1. Buka konten
  2. Buka menu utama
  3. Buka situs DW lainnya
PolitikMyanmar

Dua Tahun Kudeta Myanmar, AS dan Sekutu Beri Sanksi Tambahan

1 Februari 2023

AS, Kanada, Inggris, dan Australia menjatuhkan sanksi terhadap komisi pemilu, perusahaan energi, dan pertambangan di Myanmar. Sementara junta militer mengatakan akan mengadakan pemilu tahun ini.

Seorang tentara berjaga di Yangon
Junta merencanakan pemilu pada Agustus 2023Foto: NurPhoto/picture alliance

Menandai peringatan dua tahun kudeta militer Myanmar pada Rabu (01/02), Amerika Serikat (AS) dan sekutunya mengumumkan sanksi lebih lanjut terhadap negara tersebut.

AS bersama dengan Kanada, Inggris, dan Australia pada hari Selasa (31/01) memberlakukan sanksi terhadap Komisi Pemilihan Persatuan, perusahaan pertambangan, pejabat energi dan lainnya, sesuai pernyataan Departemen Keuangan AS.

Pernyataan itu merupakan yang pertama kalinya AS menargetkan pejabat perusahaan minyak dan gas Myanmar (MOGE), direktur pelaksana, dan wakil direktur pelaksana. Perusahaan energi tersebut adalah satu-satunya badan usaha milik negara penghasil pendapatan terbesar di Myanmar.

Sementara itu, Kanada menargetkan enam pejabat dan melarang ekspor, penjualan, pasokan, atau pengiriman bahan bakar penerbangan. Australia juga menargetkan anggota junta dan perusahaan yang dikelola militer.

Inggris pun memberi sanksi dengan menunjuk dua perusahaan dan dua orang yang membantu memasok angkatan udara Myanmar yang digunakan untuk melakukan kampanye pengeboman.

Sanksi tersebut dijatuhkan ketika militer Myanmar telah melakukan pemboman udara dan serangan lain terhadap pasukan pro-demokrasi.

PBB peringatkan pemilu terencana kemungkinan "palsu"

Pada hari yang sama, penyelidik khusus independen PBB di Myanmar memperingatkan bahwa junta militer berencana untuk mencari legitimasi dengan mengatur pemilu "palsu" tahun ini.

"Anda tidak dapat memiliki pemilihan yang bebas dan adil ketika oposisi ditangkap, ditahan, disiksa, dan dieksekusi, jurnalis dilarang melakukan pekerjaannya, dan mengkritik militer adalah kejahatan," kata Tom Andrews di PBB.

Junta Myanmar pada bulan lalu menguraikan rencana untuk mengadakan pemilihan umum akhir tahun ini. Untuk melakukan itu, mereka seharusnya mencabut keadaan darurat nasional enam bulan sebelumnya.

Pengamat secara luas memperkirakan militer akan mengumumkan persiapan pemungutan suara pada pekan ini, dengan keadaan darurat akan berakhir pada hari Rabu (01/02).

Namun, pada hari Selasa (31/01) Dewan Keamanan dan Pertahanan Nasional yang ditunjuk oleh junta mengatakan keadaan negara itu "belum kembali normal".

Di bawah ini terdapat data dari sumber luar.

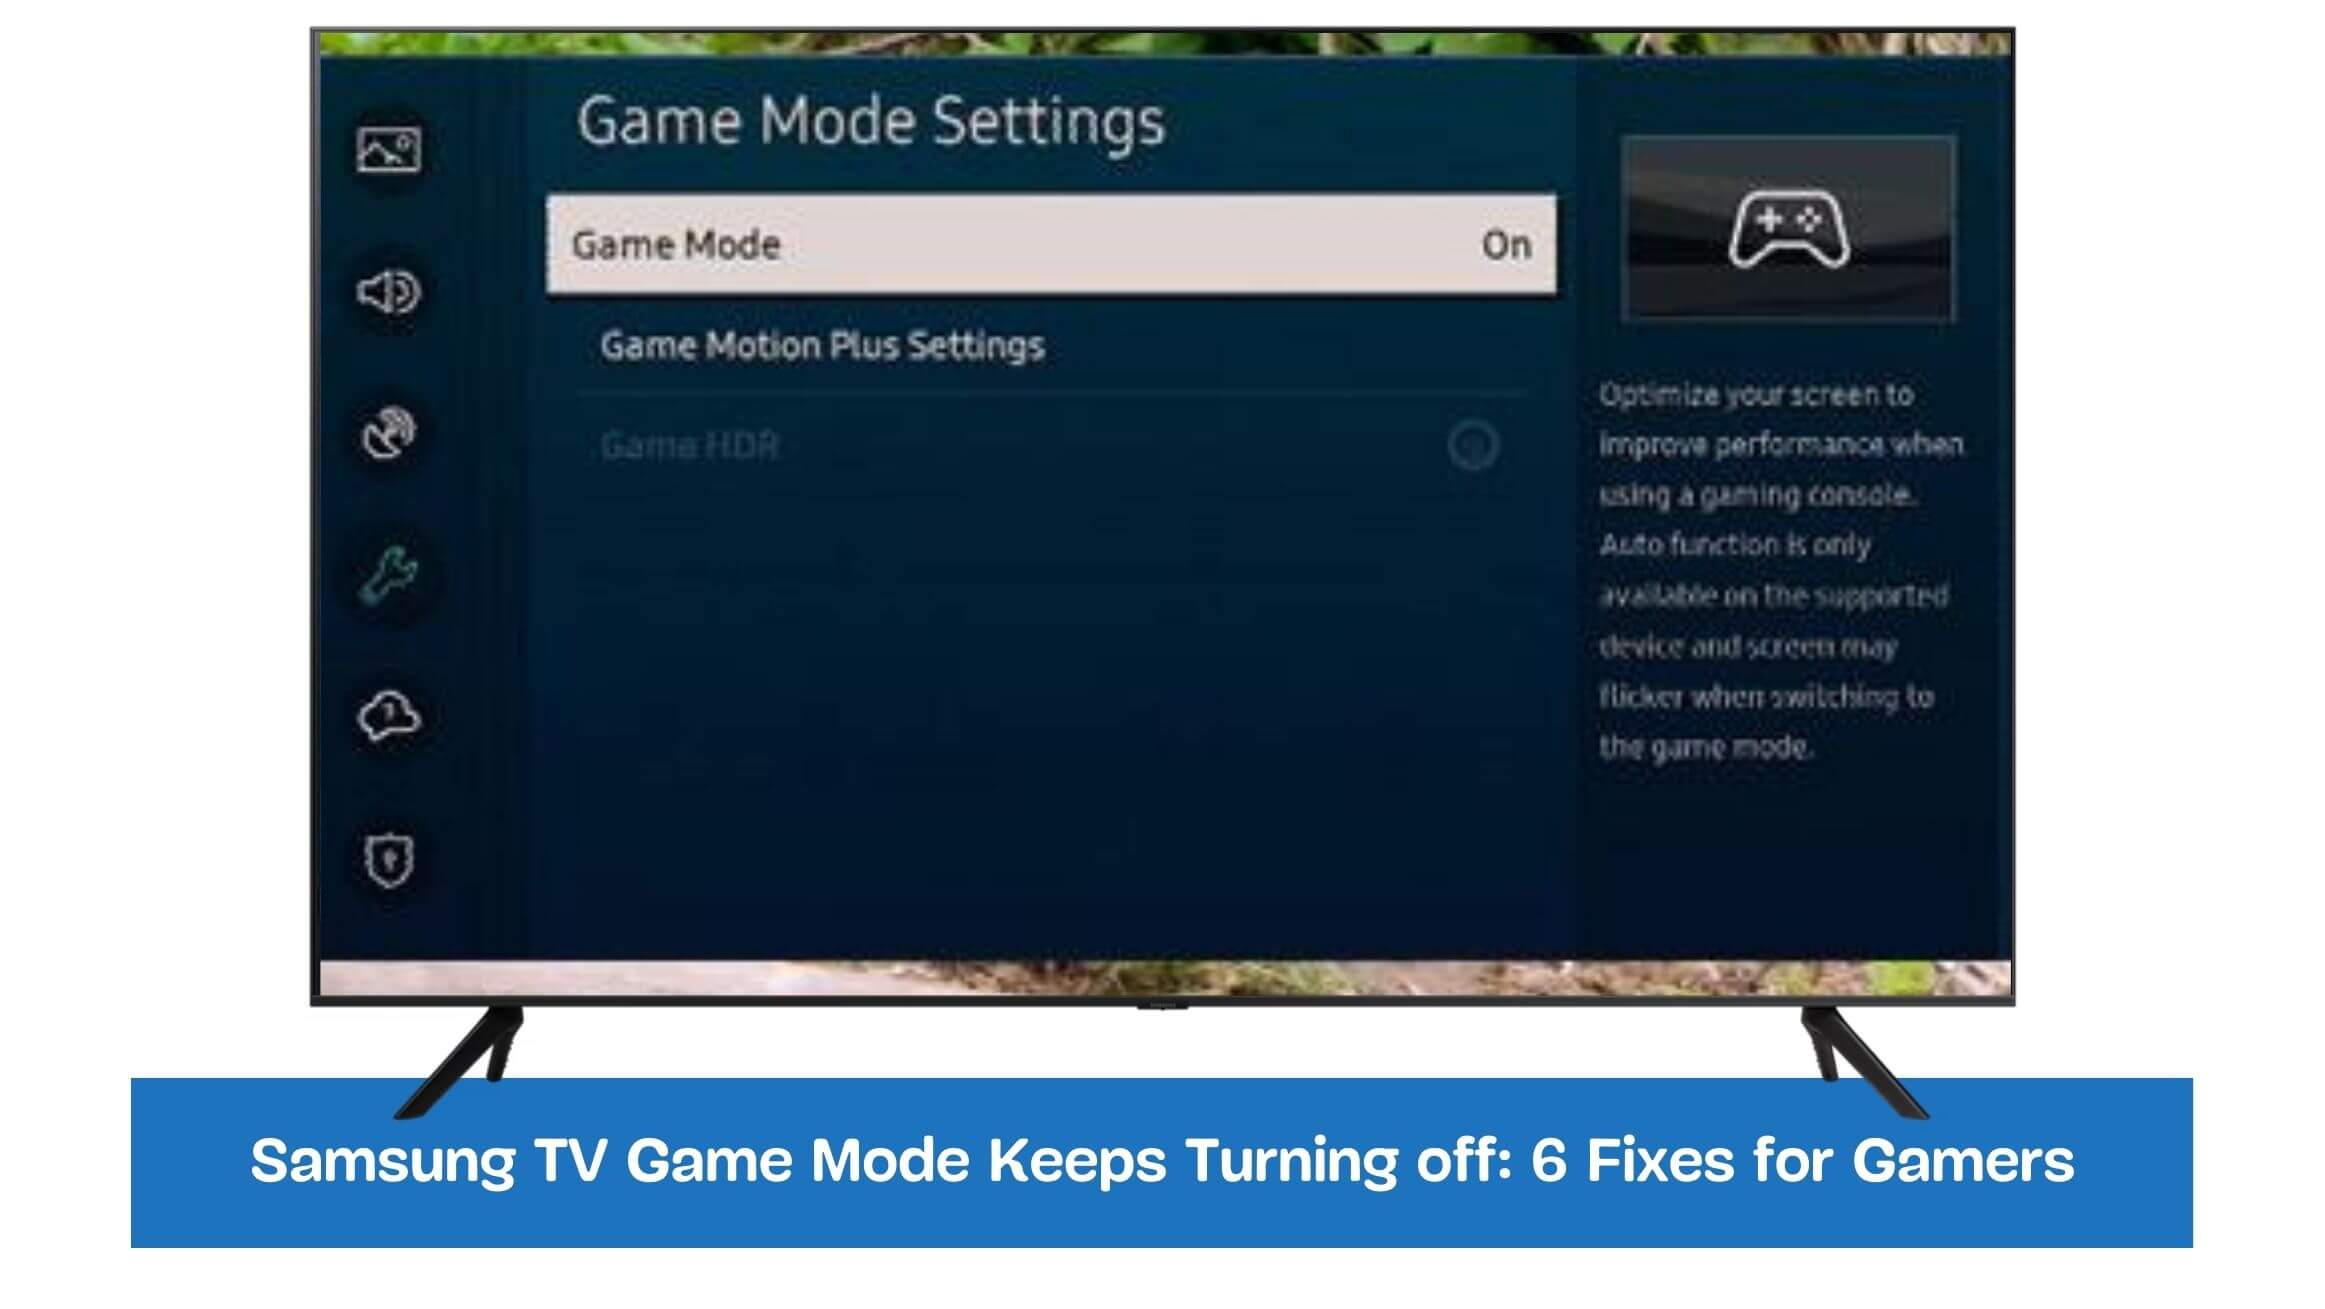 Samsung TV Game Mode Keeps Turning off: 6 Fixes for Gamers

Aturan bagi peserta pemilu

Junta baru-baru ini memperkenalkan peraturan baru bagi partai-partai peserta pemilu, yang mencakup peningkatan besar dalam keanggotaan mereka, sebuah langkah yang dapat mengesampingkan lawan-lawan militer.

Aturan tersebut mendukung Partai Persatuan Solidaritas dan Pembangunan, yang dikalahkan oleh Partai Liga Nasional untuk Demokrasi (NLD) pada pemilu 2015 dan 2020.

NLD dan negara-negara Barat mengecam pemilihan tersebut, dan mengatakan mereka tidak akan mengakui hasilnya.

John Sifton, Direktur Advokasi Asia untuk Human Rights Watch, mengatakan kepada Reuters bahwa AS masih belum menandingi sanksi yang lebih kuat yang diberlakukan oleh Uni Eropa.

"Akibatnya, langkah-langkah yang diambil sejauh ini belum cukup membebani junta untuk memaksanya mengubah perilakunya," katanya.

Para jenderal tertinggi Myanmar memimpin kudeta pada Februari 2021. Sejak saat itu negara tersebut mengalami ketidakstabilan, dengan memberlakukan tindakan keras terhadap perbedaan pendapat.

Menurut Asosiasi Bantuan Independen untuk Tahanan Politik, sebuah kelompok pengawas yang melacak pembunuhan dan penangkapan di Myanmar, 2.940 warga sipil telah tewas dan 17.572 telah ditangkap oleh pihak berwenang sejak militer mengambil alih.